HAFNARFJÖRDUR, ICELAND
“A beautiful operation, Comrade General.” The Ambassador beamed.
“Your support was most valuable,” the General lied through his teeth. The Soviet embassy to Iceland had over sixty members, almost all intelligence types of one sort or another. Instead of doing something useful, like seizing the telephone exchange, on donning their uniforms they had been rounding up local political figures. Most of the members of Iceland’s ancient Parliament, the Althing, had been arrested. Necessary, the General agreed, but too roughly done, with one of them killed in the process and two more shot. Better to be gentle with them, he thought. This was not Afghanistan. The Icelanders had no warrior tradition, and a gentler approach might have shown better returns. But
that aspect of the operation was under KGB control, its control team already in place with the embassy personnel. “With your permission, there is much yet to be done.”
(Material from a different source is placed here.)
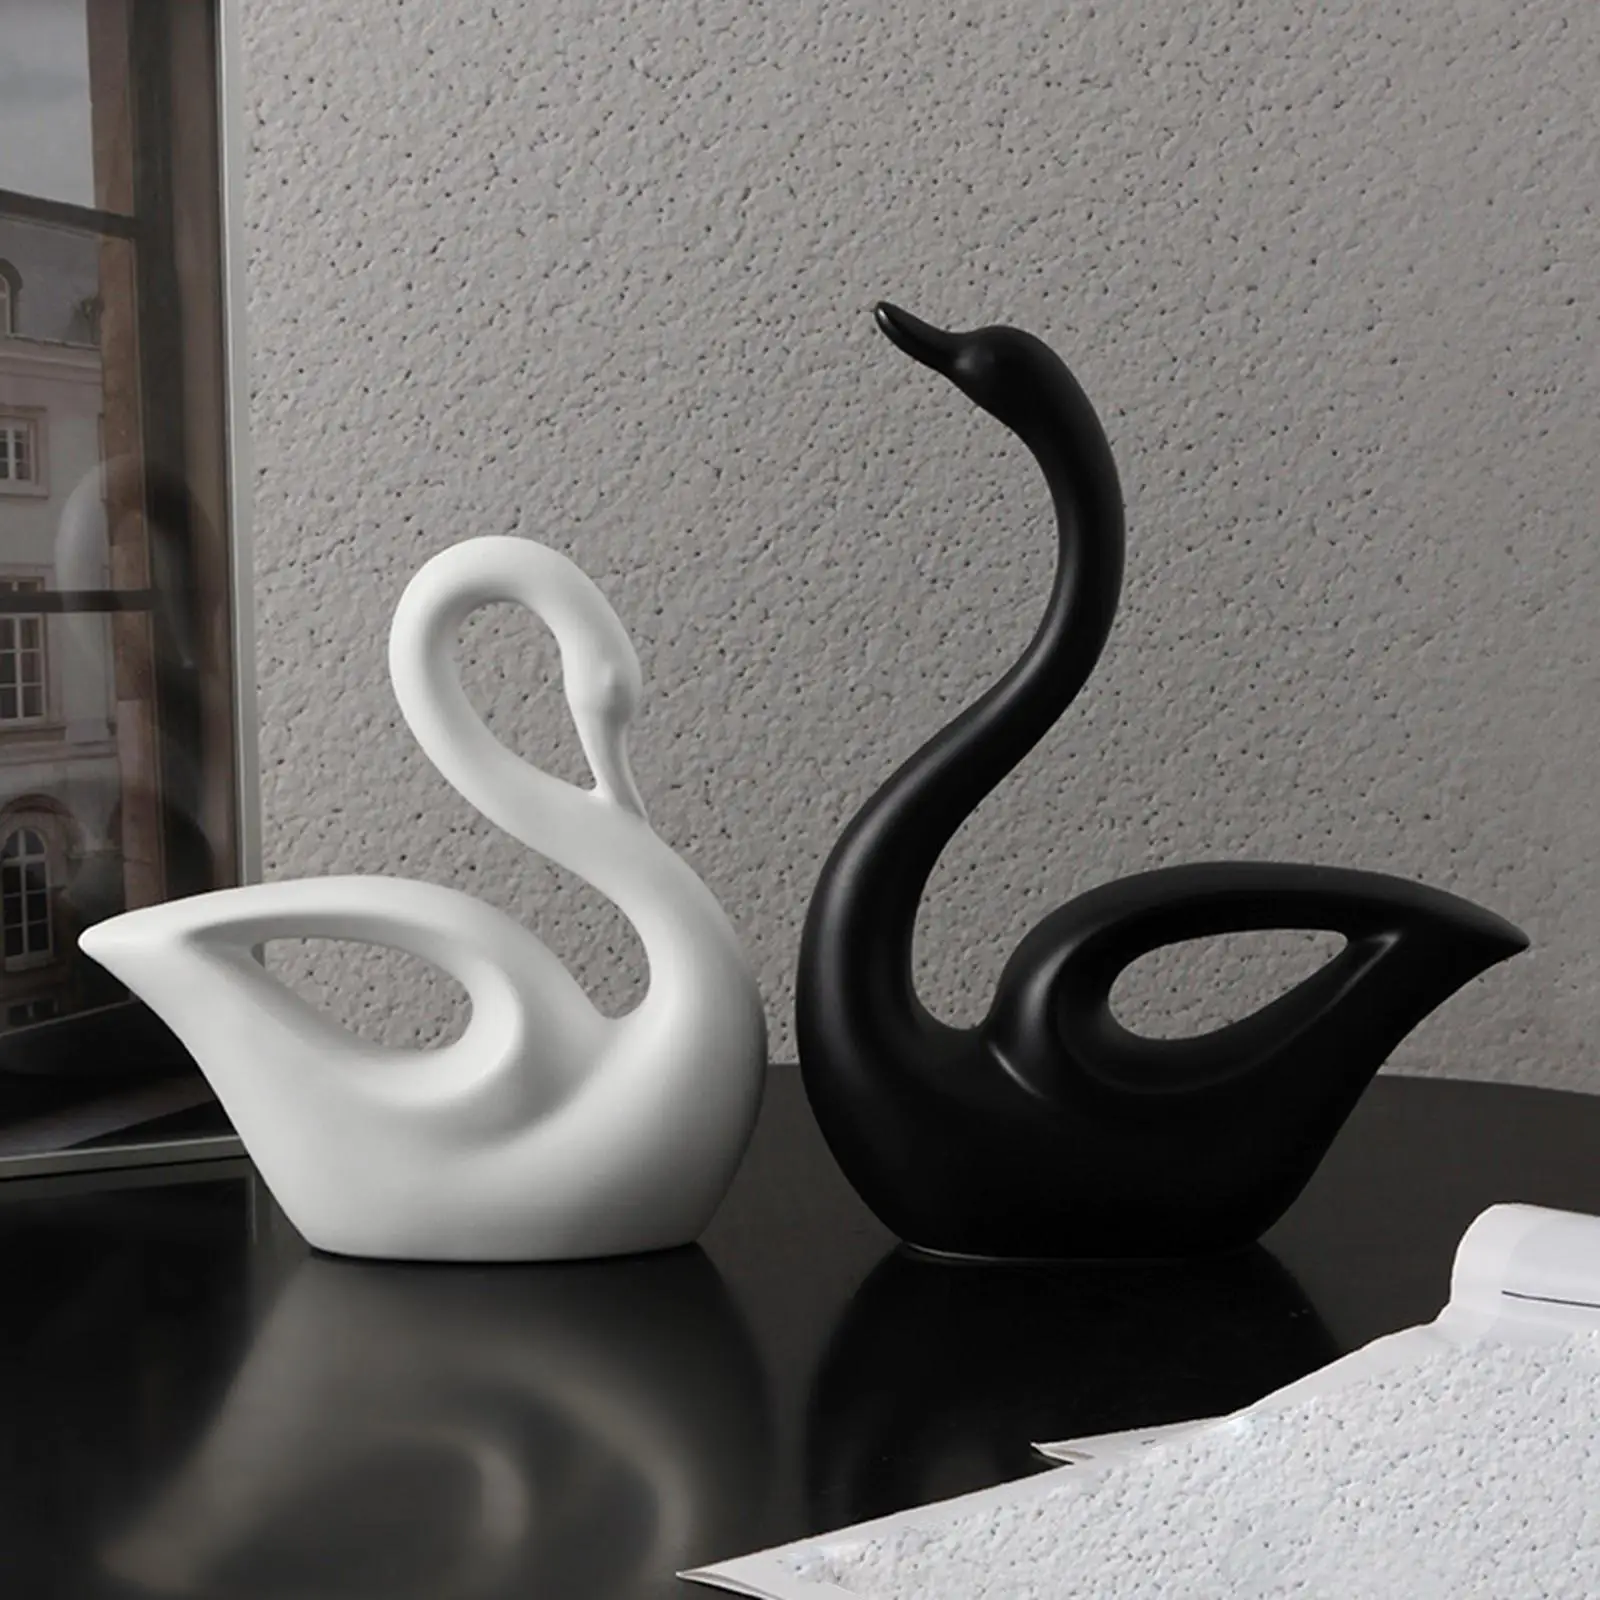 2x Nordic Couple Swans Figurines Statue for TV Cabinet Table Decoration
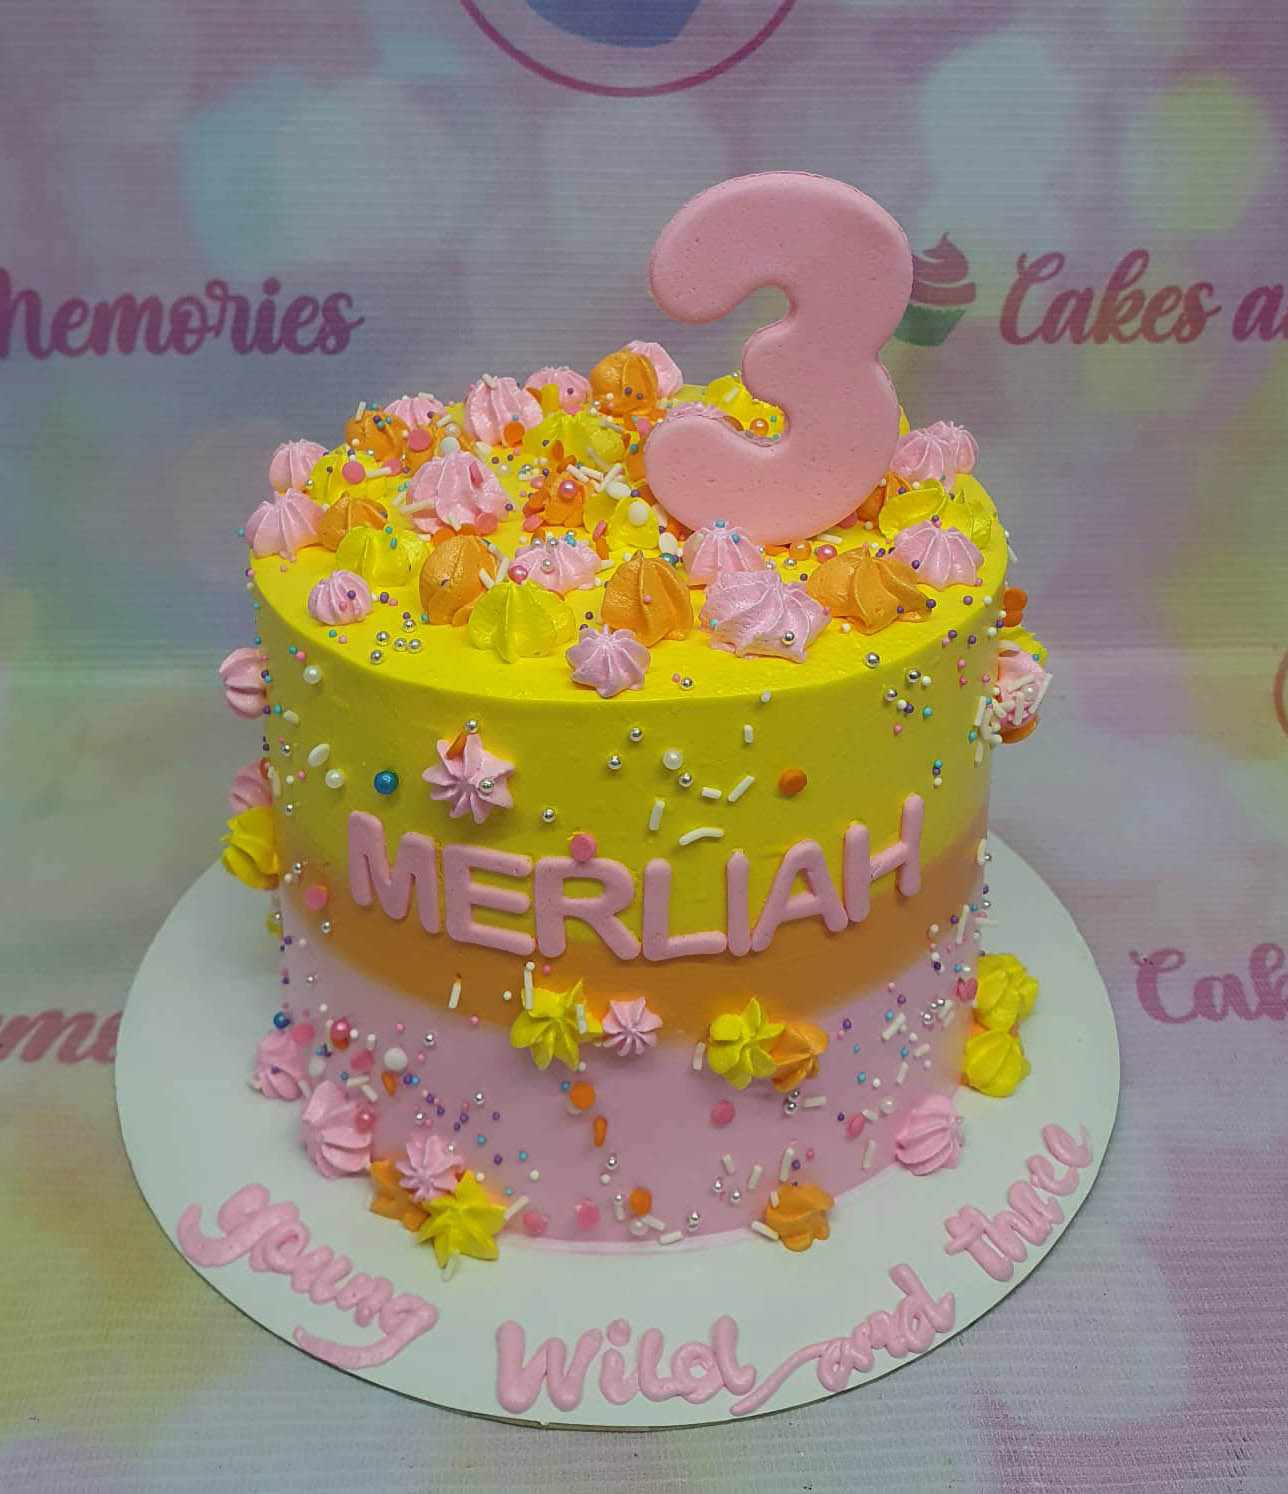 This custom decorated Candyland Cake is a 1 layer, 1 tier cake with colorful candy sprinkles, orange, pink, yellow, and Young Wild and Three.

The General went back up the jacob’s ladder onto the Fucik. Problems had developed in off-loading the division’s missile battalion. The barges that contained that equipment had been damaged by the missile strike. The newly installed landing doors had jammed solid and had to be torched free. He shrugged. Up to now, Polar Glory had been a near textbook operation. Not bad for a scratch crew. Most of his rolling equipment—two hundred armored vehicles and many trucks—had already been mated with their troops and dispersed. The SA-11 battalion was all that remained.
“Bad news, Comrade General,” the SAM commander reported.
“Must I wait for it?” the General asked testily. It had been a very long day.
“We have three usable rockets.”
“Three?”
“Both these barges were ruptured when the American missile hit us. The shock damage accounted for several. The main damage came from the water used to fight the fire.”
“Those are mobile missiles,” the General objected. “Surely the designers anticipated that they might get wet!”
“Not with saltwater, Comrade. This is the army version, not the naval, and it is not protected against saltwater corrosion. The men who fought the fire did so with great gusto, and most of the rockets were soaked. The exposed control wiring and the radar seeker heads on the missile noses were badly damaged. My men have run electronic tests of all the rockets. Three are fully functional. Four more we can probably clean off and repair. The rest are ruined. We have to fly more in.”
The General controlled his temper. So, a small thing that no one had thought of. Aboard ship, fires are fought with saltwater. They should have asked for the naval variant of this rocket. It was always the small things.